Miami, 1 out (EFE) - O empresário venezuelano Carlos Kauffmann admitiu hoje em um tribunal dos Estados Unidos que se envolveu no chamado caso da mala a pedido do Governo da Venezuela e para obter contratos e poder.

EFE |

Kauffmann, testemunha da Promotoria Federal dos EUA, reconheceu que se envolveu em uma conspiração para convencer seu compatriota Guido Alejandro Antonini Wilson a não falar sobre a origem e destino de uma mala com US$ 800 mil com a qual foi detido na Argentina, em 2007.

"Meu Governo pediu que fizesse algo, e fiz", disse o empresário no julgamento em Miami de seu parceiro Franklin Durán, o único dos cinco acusados no caso que se declarou inocente.

Quando o promotor federal Thomas Mulvihill perguntou por que decidiu participar, Kauffmann disse: "Traria-me benefícios, contratos e mais dinheiro (do Governo venezuelano)".

O empresário venezuelano e Durán são acusados de conspirar e agir nos EUA como agentes do Governo da Venezuela para ocultar a origem e o destino do dinheiro que, segundo testemunhas da Promotoria, era destinado à campanha da atual presidente da Argentina, Cristina Fernández de Kirchner.

Ele revelou que, através da petroquímica Venoco, propriedade sua e de Durán, ambos financiaram as passagem aéreas de representantes de vários países para que assistissem a uma votação a favor da Venezuela na sede da ONU, mas não deu mais detalhes.

"Nós pagamos os vôos para que representantes de outras nações fossem votar na ONU", contou o empresário.

O venezuelano também disse que a Venoco pagou centenas de milhares de dólares a funcionários da estatal Petróleos de Venezuela S/A (PDVSA) por informação privilegiada da indústria e matérias-primas.

A juíza Joan Lenard autorizou hoje a Promotoria Federal dos EUA a expor no julgamento os supostos casos de corrupção nos quais teriam envolvimento Durán e Kauffmann, subornando funcionários do Governo venezuelano e da PDVSA para fechar negócios.
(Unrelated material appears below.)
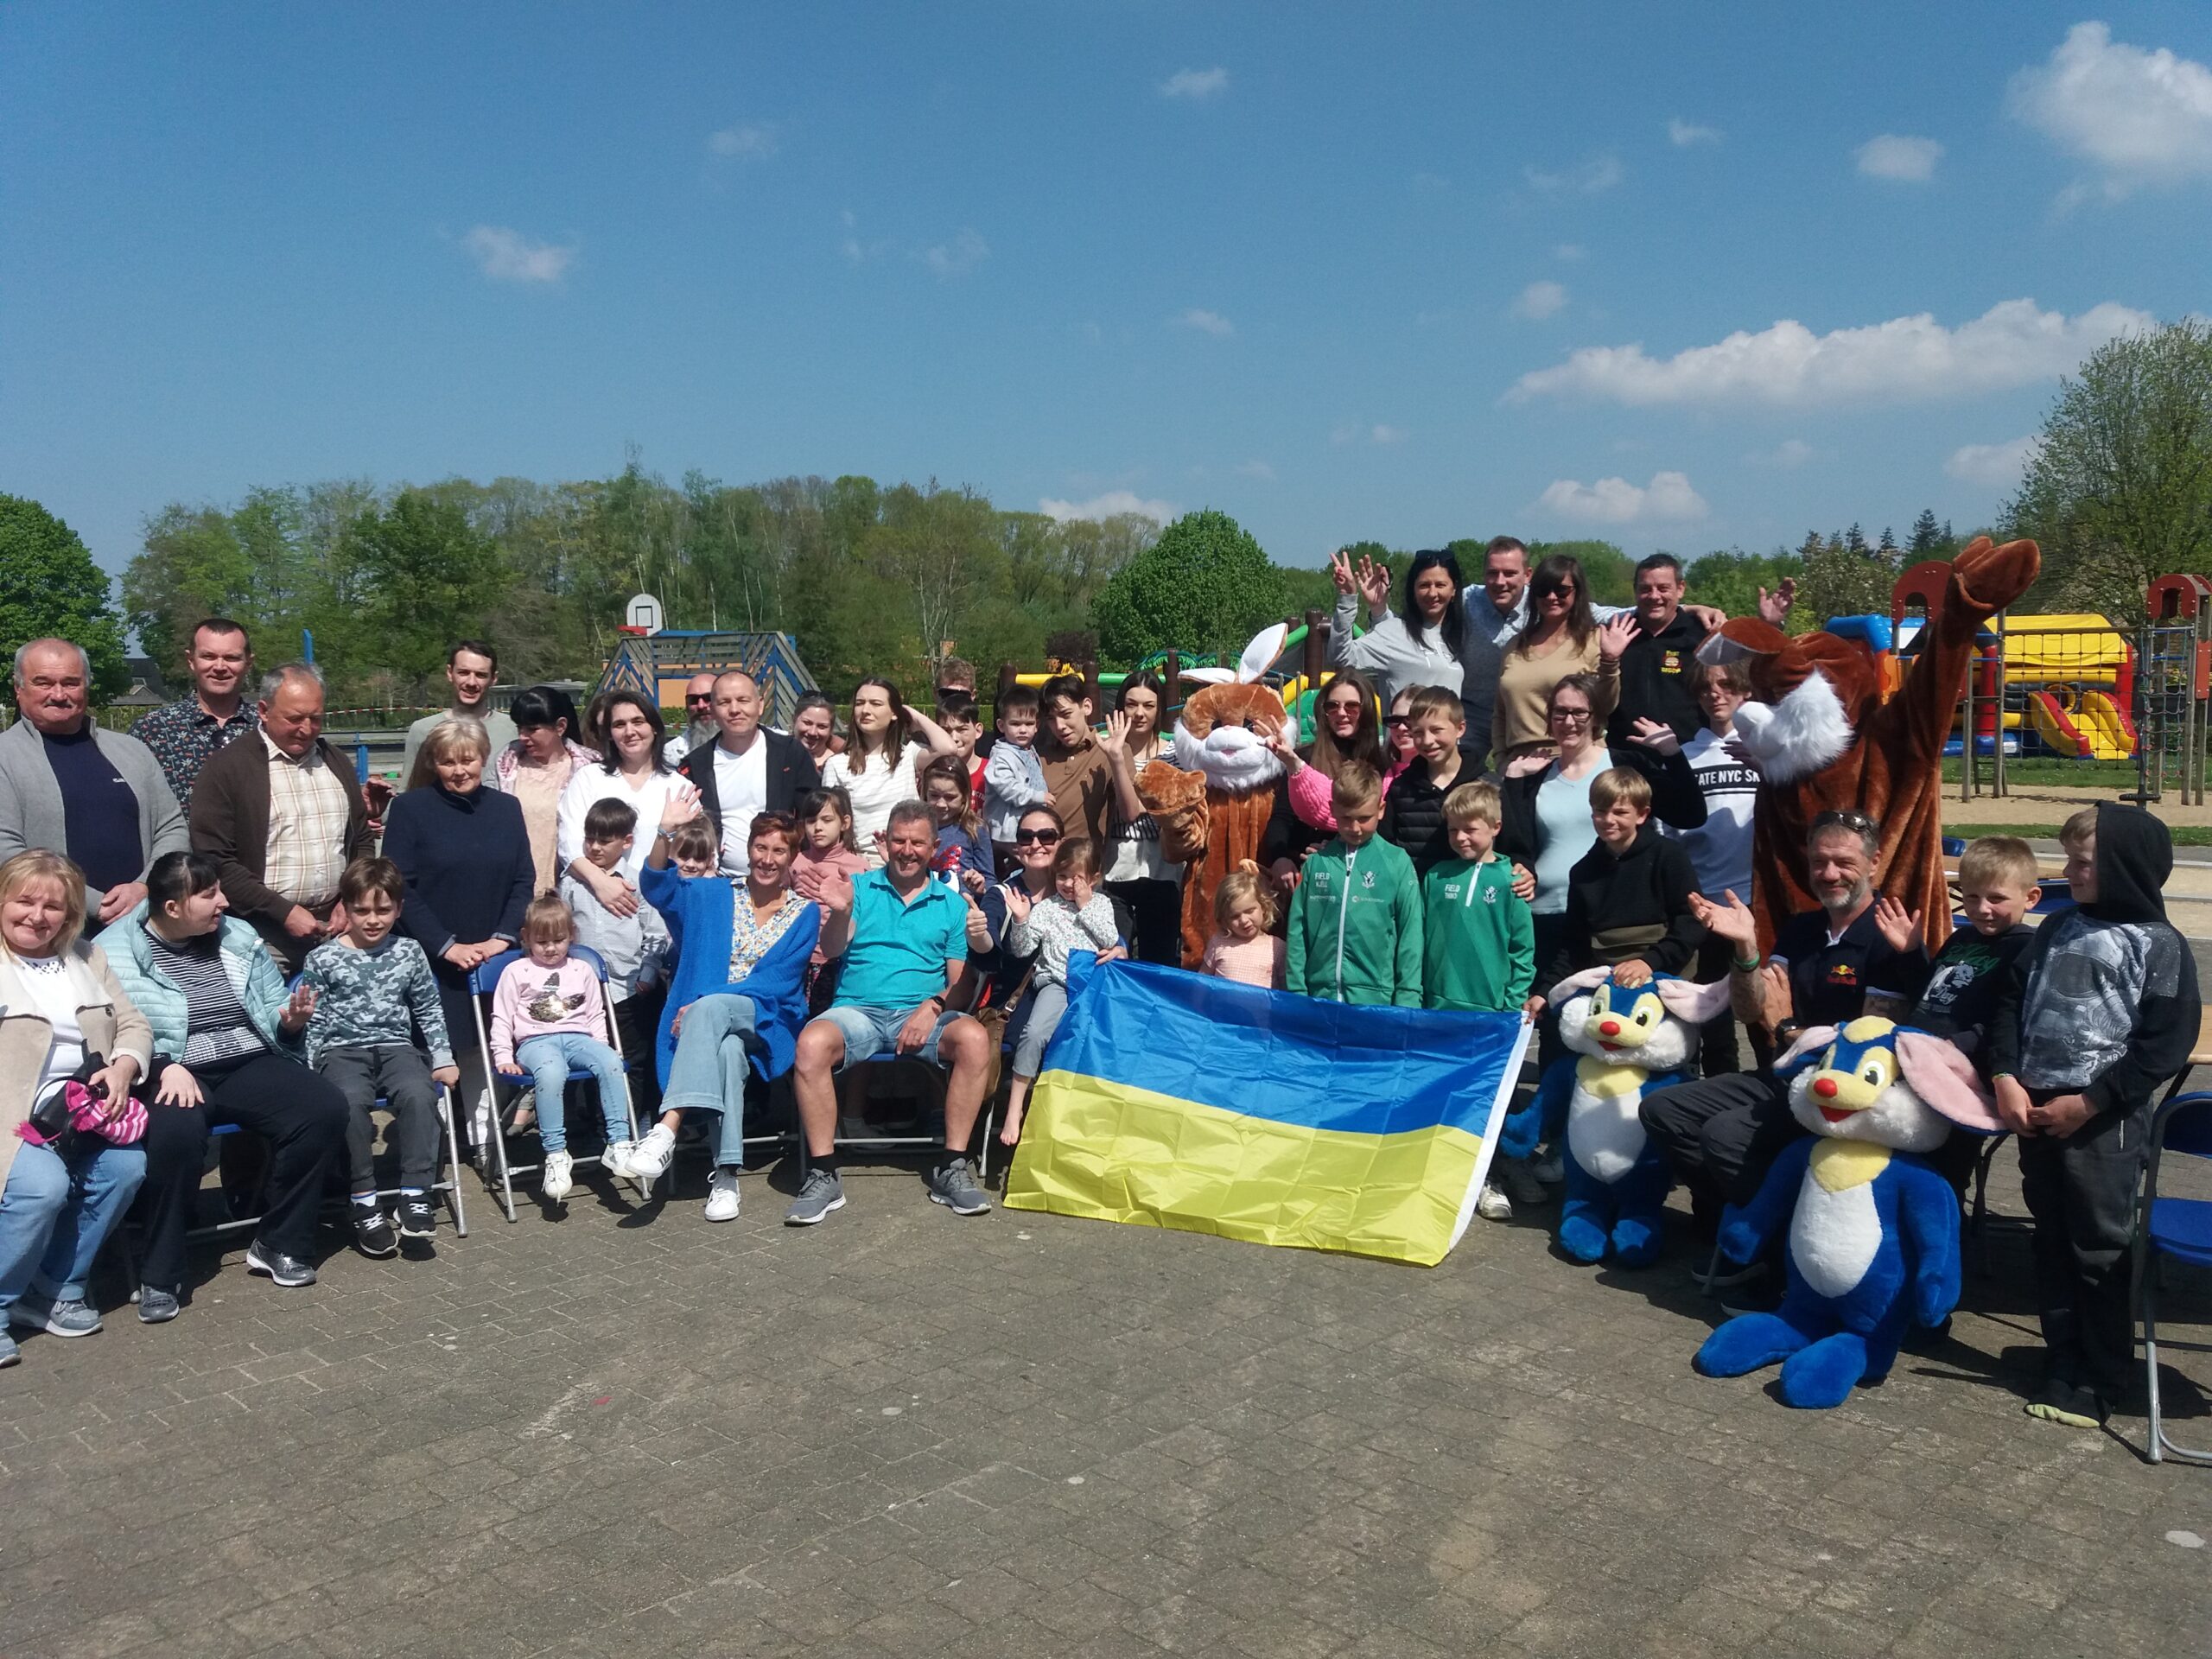 paasfeest voor Oekraïense vluchtelingen in Oostkamp

A Bolívia veio à tona novamente no julgamento quando o promotor lhe perguntou sobre uma reunião em Caracas com Durán, o advogado Moíses Maiónica, outro dos acusados no caso, e Juan Bracamonte, do escritório deste.

Kauffmann destacou que nesse encontro falaram do "caso da mala" e da possibilidade de vender equipamentos contra distúrbios à Bolívia por US$ 12 milhões.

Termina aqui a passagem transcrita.